I arrived at Michigan State University in August 2011 with a vision, and long-term research goal, to design, engineer, and build the biomolecular components of life de novo. This overarching goal not only satisfies one of the grand challenges of biology – “is our understanding of living matter sufficient to redesign cellular life?” - but also has implications in several National Academy of Engineering grand challenges in the 21st century, including engineering better medicines and engineering the tools of scientific discovery. As a near-term research goal, my group is building on our vision of engineering biology by developing cutting edge methods to map protein sequence to function for medical and industrial biotechnology.

Proteins are central to a diverse set of fundamental activities necessary for cellular life. This same versatility leads to tremendous potential for proteins as designable agents in medicine (e.g. monoclonal antibodies like Rituximab that can target and destroy non-Hodgkin lymphomas) and in industry (e.g. enzymes that can deconstruct cellulosic biomass to simple carbohydrates). Yet natural proteins are not always optimal for such applications, and current methods of improving proteins can be expensive and laborious. My medium-term goal (10-20 years) is to design or engineer proteins for new/enhanced functions at will. My short-term goals (3-8 years) are to develop methods in support of our medium- and long-term goals.
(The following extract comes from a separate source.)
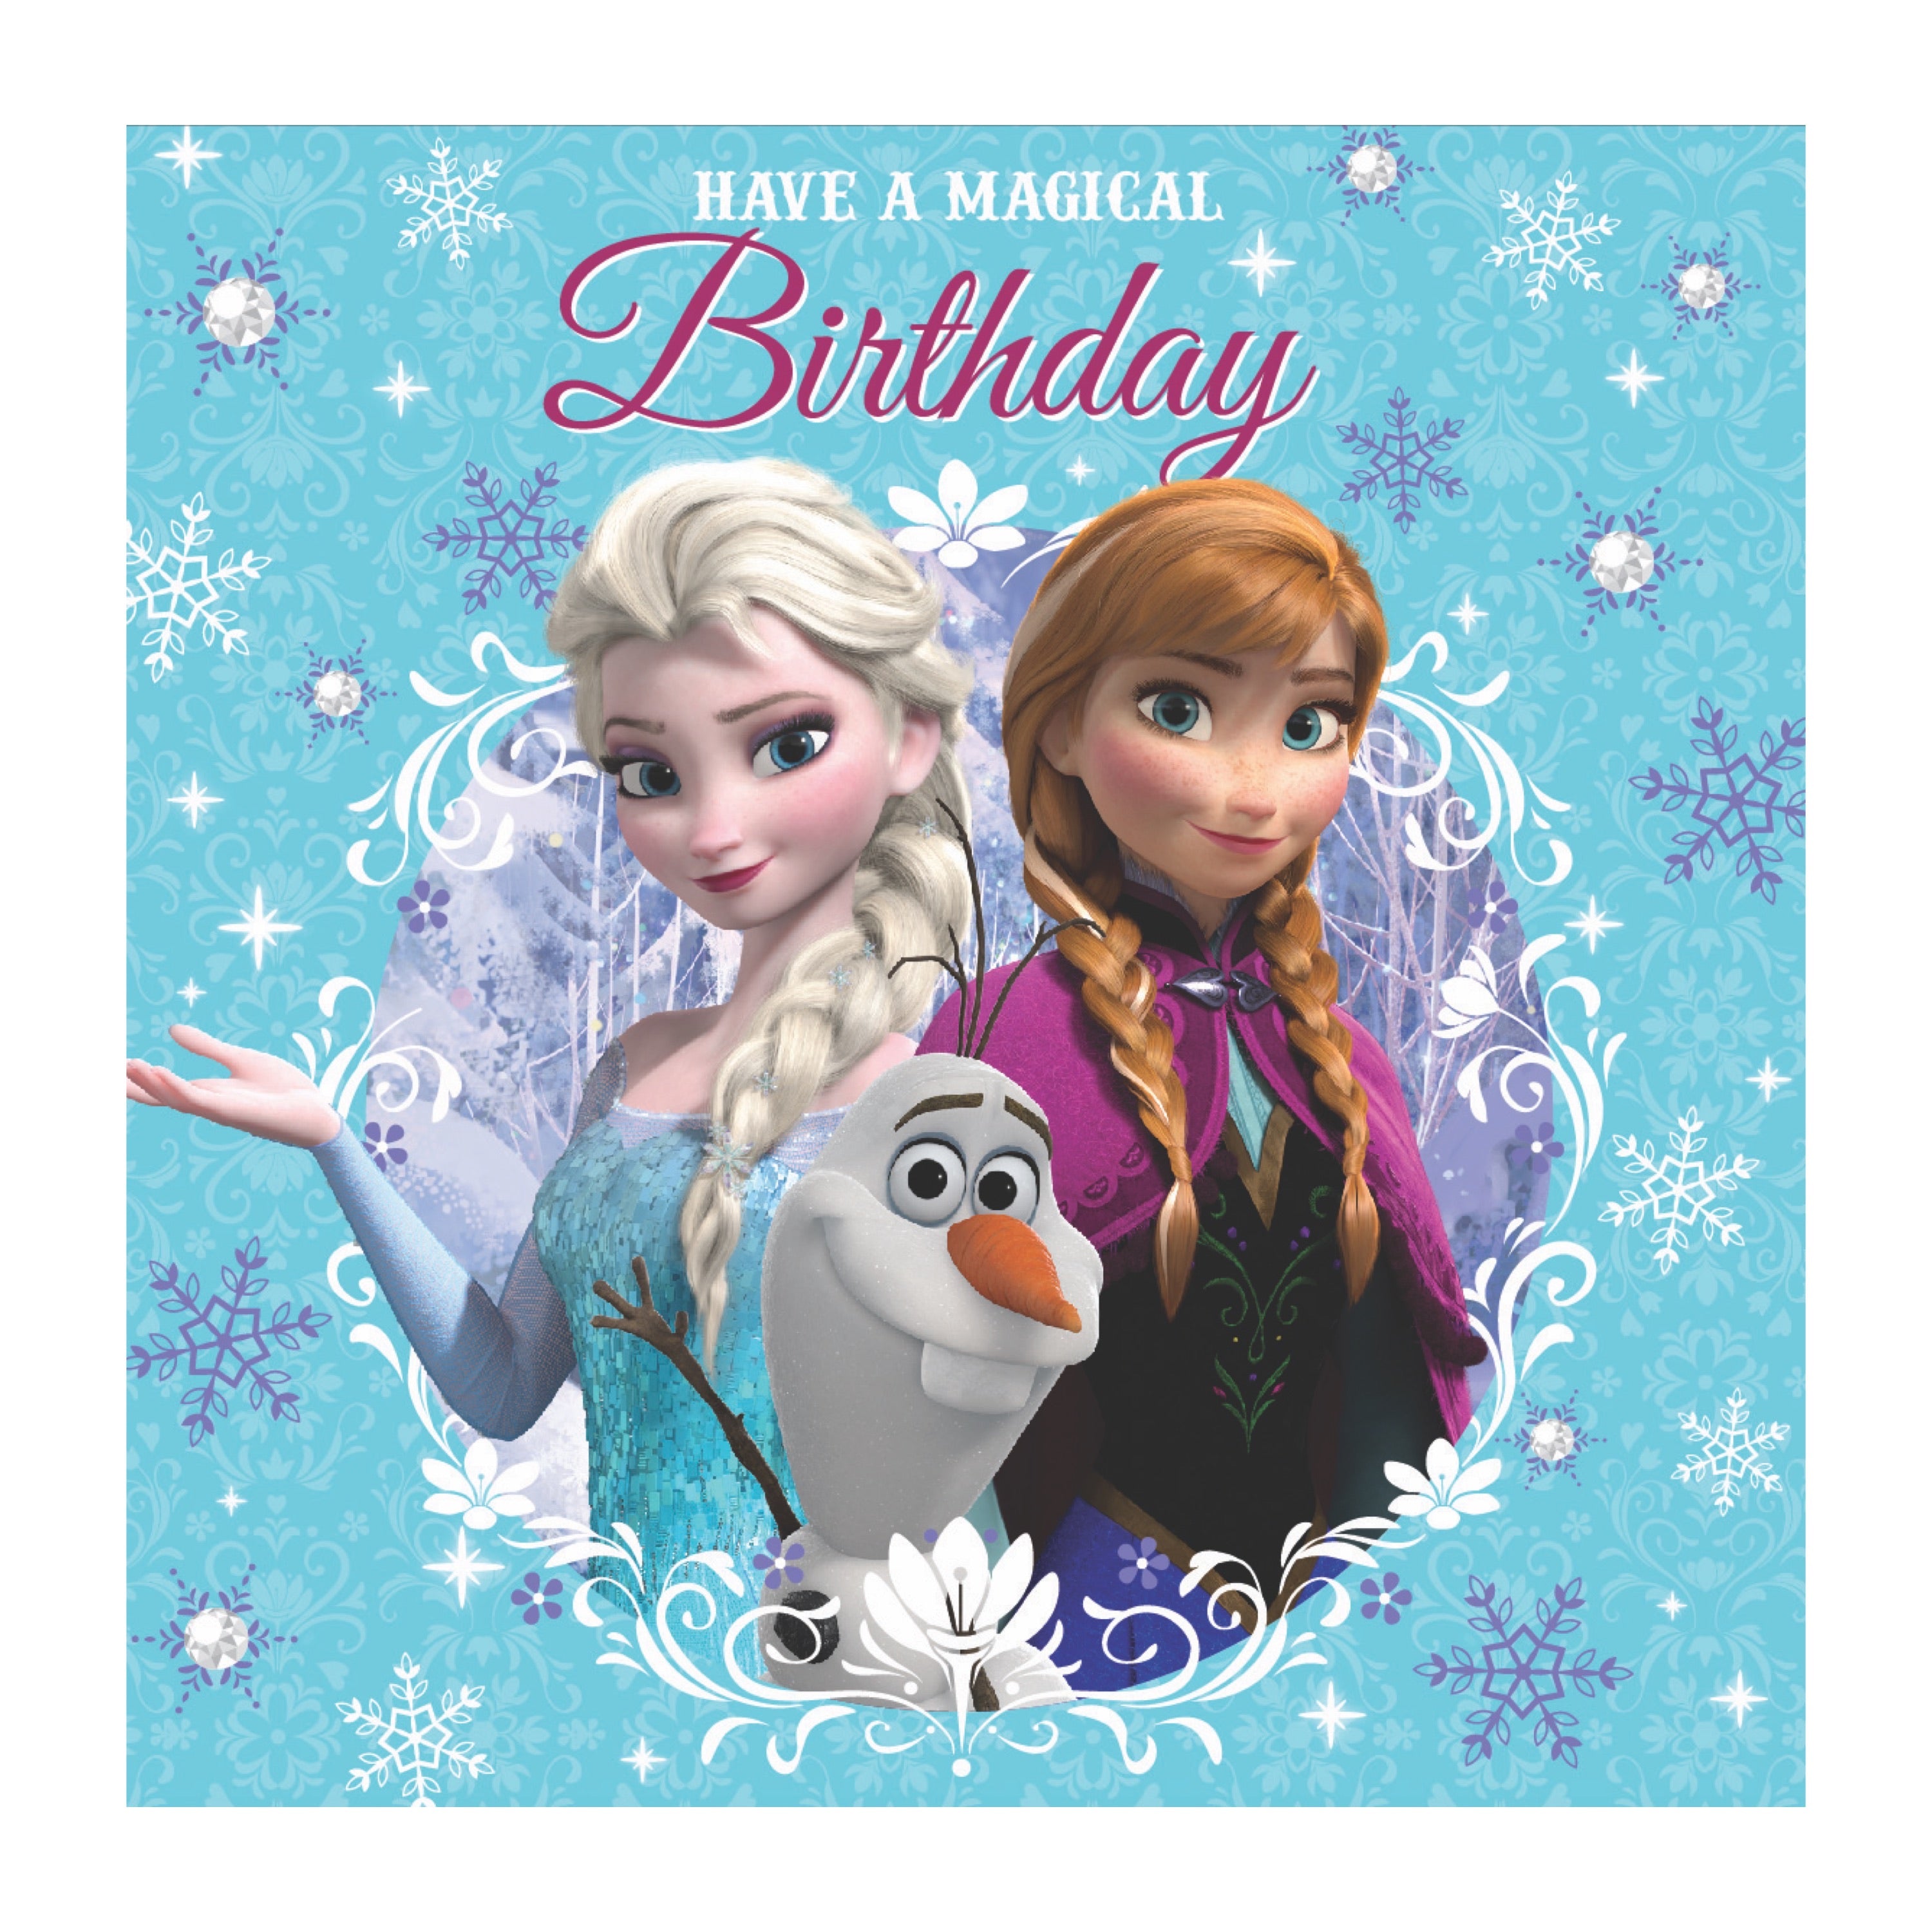 Frozen Printable Birthday Card
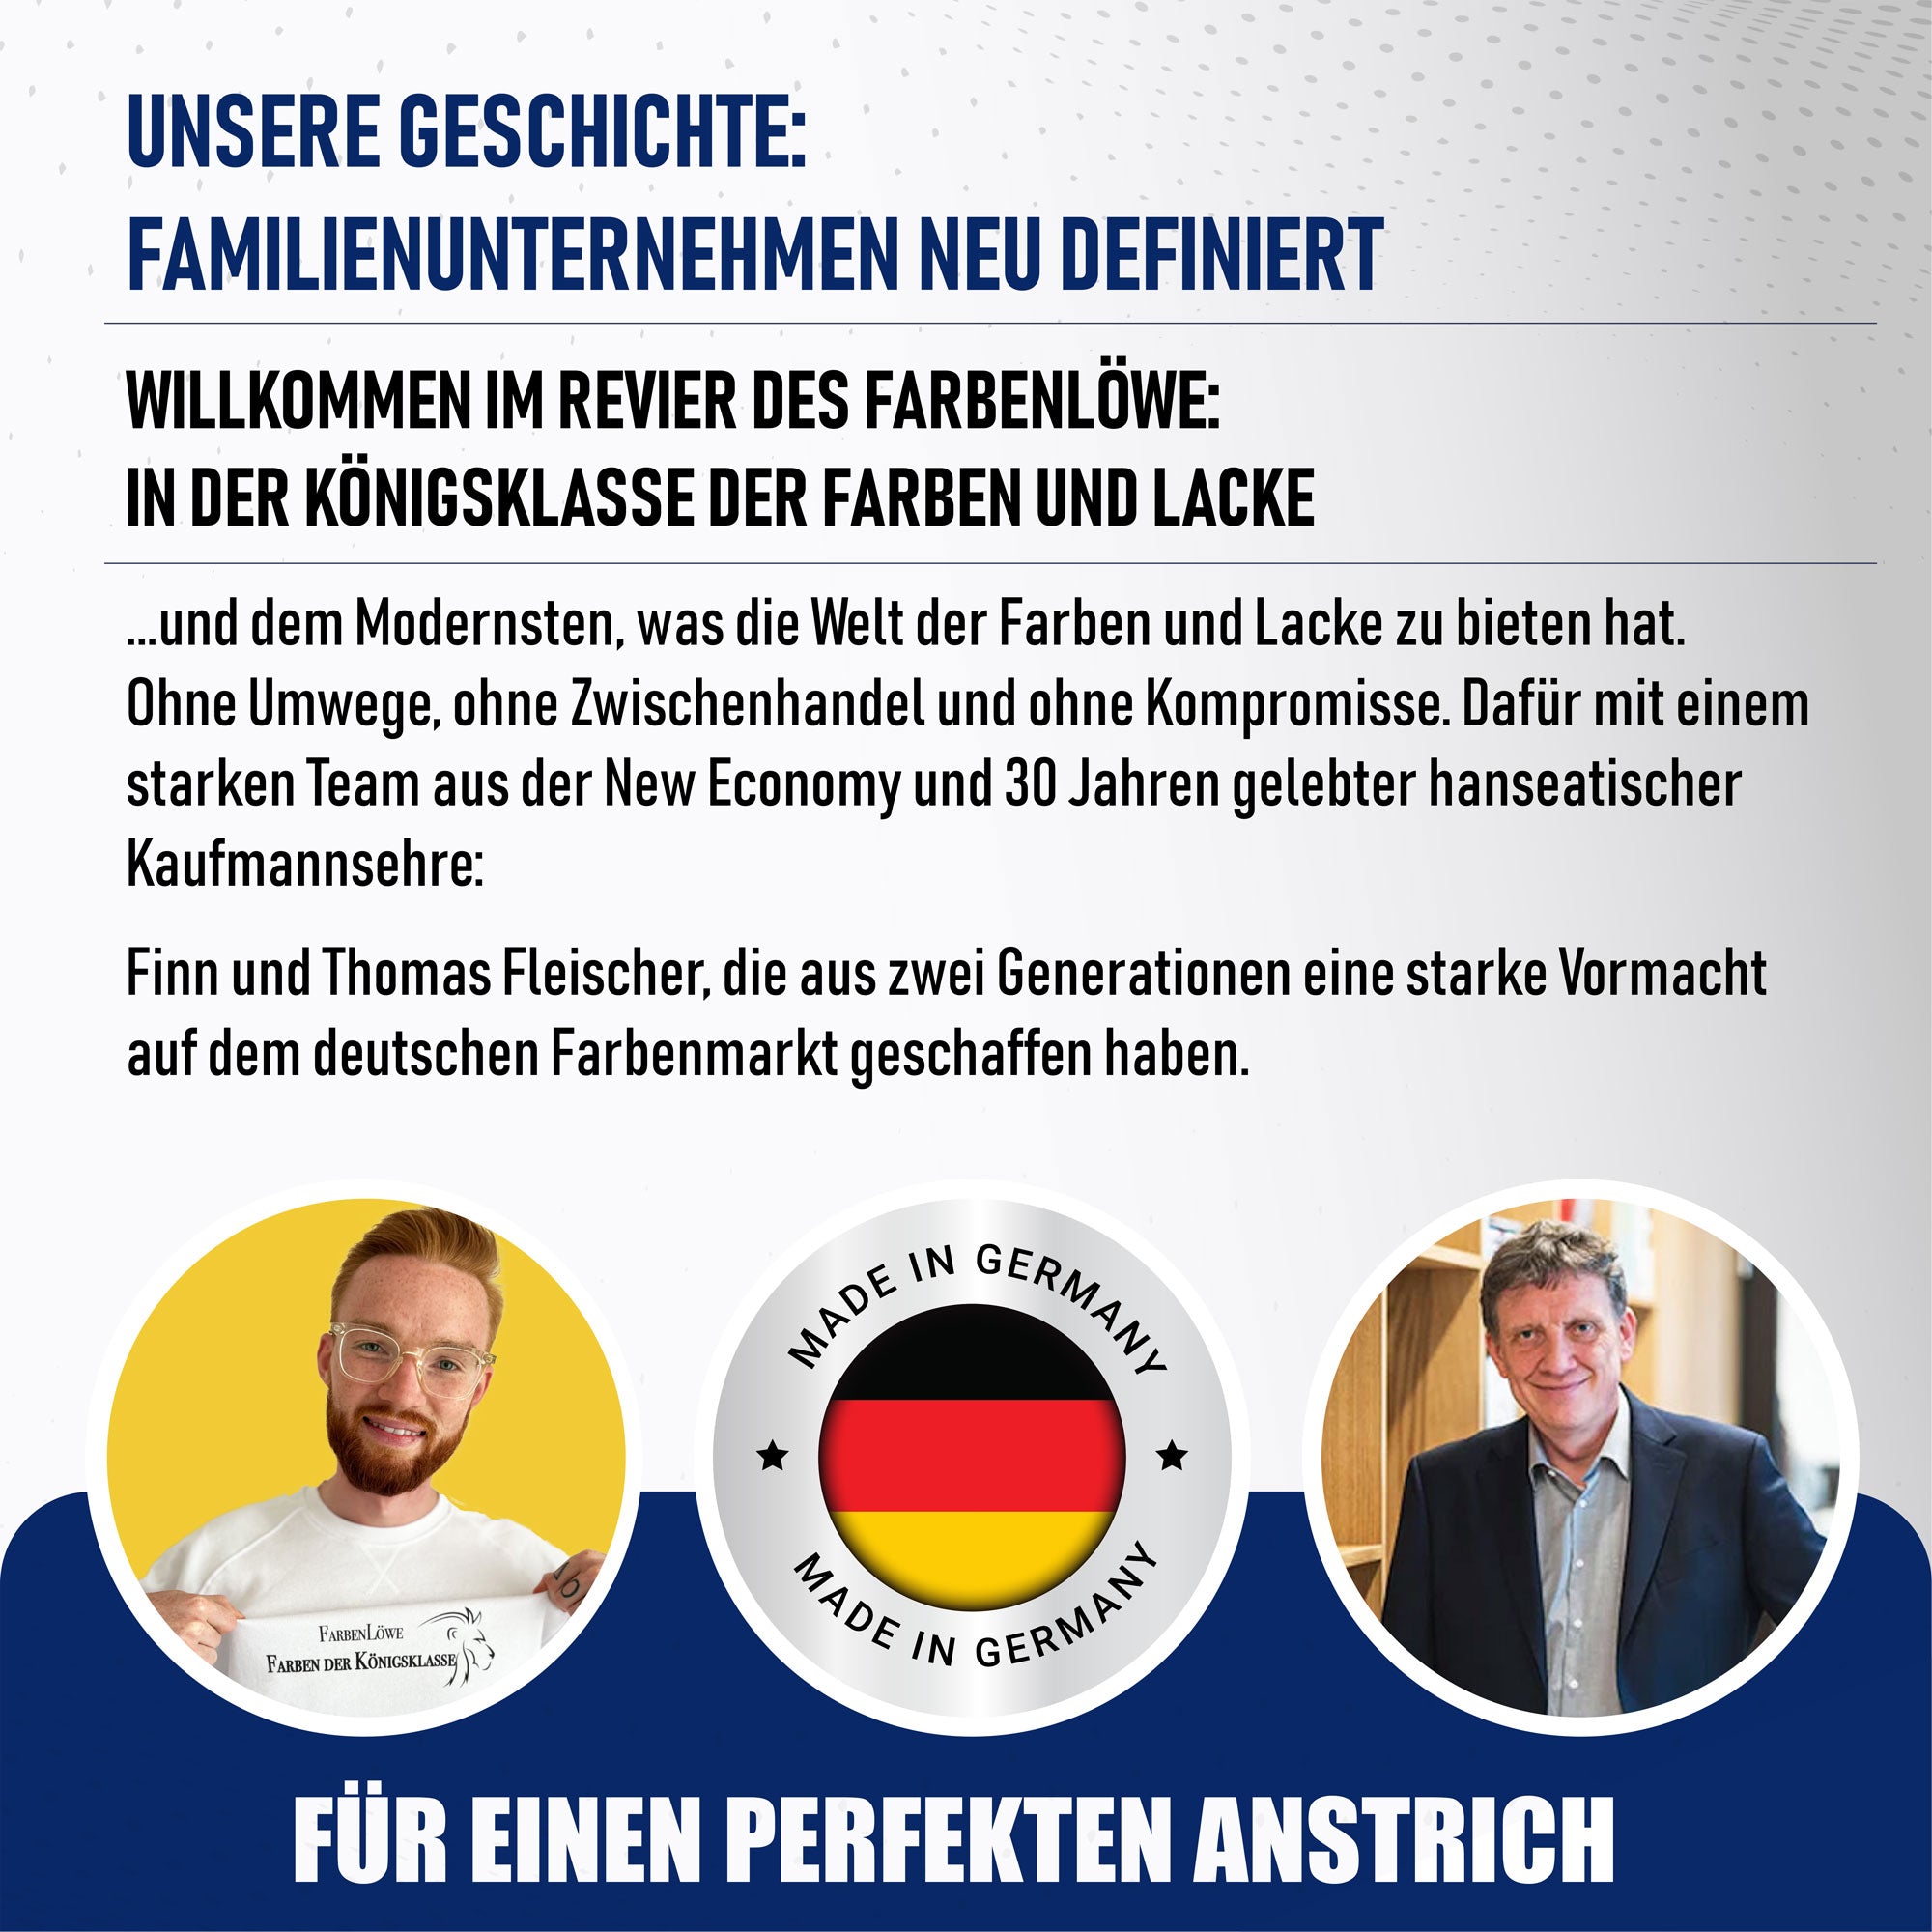 Hamburger Lack-Profi 2K Autolack in Himmelblau RAL 5015 mit Lackierset (X300) & Verdünnung (1 L) - 30% Sparangebot

My group’s current research interests lie in three overlapping yet distinct avenues: (I.) design and engineering of proteins as diagnostics, therapeutics, and vaccines; (II.) design and engineering of enzymes to deconstruct renewable biomass to value-added fuels/chemicals; and (III.) new methods development to enable large-scale and comprehensive analysis of protein libraries.

(I.) Design and engineering of proteins as diagnostics, therapeutics, and vaccines.  

Proteins that bind other proteins (like antibodies) can be used as diagnostic probes, therapeutics, or prophylactics. While I was a postdoc, I developed small proteins that broadly neutralize Influenza group I viruses by targeting a conserved stem region of Hemagglutinin (HA). I was able to determine the binding and stability of nearly every single point mutant of these yeast-displayed protein-binding variants by coupling deep sequencing to flow cytometry-activated sorting. I integrated these sequence-function maps with computational protein design to improve the affinity, specificity, and function of these proteins[1].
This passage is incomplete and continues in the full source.